A Ketogenic Diet as an Adjunct to Cancer Treatment
The rationale for how keto could influence cancer is based on the established differences in glucose metabolism between cancer cells and normal cells.
A ketogenic diet derives approximately 90% of dietary calories from fat, 8% from protein, and just 2% from carbohydrates.1 In comparison, the standard American diet derives 35%, 15%, and 50% of calories from fat, protein, and carbohydrates, respectively. Although it is rising in popularity, the ketogenic diet is not a new dietary intervention. It is an established nutritional treatment approach — first developed in the 1920s — for patients who have epilepsy that is not well controlled with antiepileptic agents. The keto diet later remerged as an acceptable intervention in the 1990s.

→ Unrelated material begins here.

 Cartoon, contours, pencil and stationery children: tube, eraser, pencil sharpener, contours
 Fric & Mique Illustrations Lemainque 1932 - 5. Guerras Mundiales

The ketogenic diet is now being studied as a potential supportive treatment approach in cancer. The rationale is based on the established differences in glucose metabolism between cancer cells and normal cells.
Rationale and Mechanism
Cancer cells demonstrate increased glucose metabolism compared with normal cells, with a shift toward lactic acid production despite the presence of oxygen, a mechanism also referred to as the Warburg effect.1,2 Glucose is an important precursor to mitochondrial respiration, which results in the production of energy as ATP. In normal cells, the ultimate conversion of glucose to ATP requires the presence of oxygen; if oxygen is not present, lactic acid is produced. Cancer cells, however, convert glucose to lactic acid in the presence of oxygen.2 In addition, cancer cells harbor mitochondrial DNA mutations that result in impaired mitochondrial respiration. Therefore, cancer cells require a large amount of glucose to satisfy their energy needs.
The ketogenic diet is proposed as a potential adjuvant therapy by exploiting these differences between cancer and normal cells. Consuming a ketogenic diet reduces blood glucose levels through a drastic reduction in the amount of carbohydrates consumed.1,2 As a result of decreased blood glucose levels, less insulin is secreted, which downregulates signaling pathways that are frequently constitutively active in tumor cells.2 Because glucose metabolism is inhibited, energy must be primarily derived from fats.1 Fat metabolism results in the production of ketone bodies and β-hydroxybutyrate by the liver, which are used to fuel energy production. Cancer cells have difficulty using these pathways because they rely on glucose; the metabolism of fat increases oxidative stress.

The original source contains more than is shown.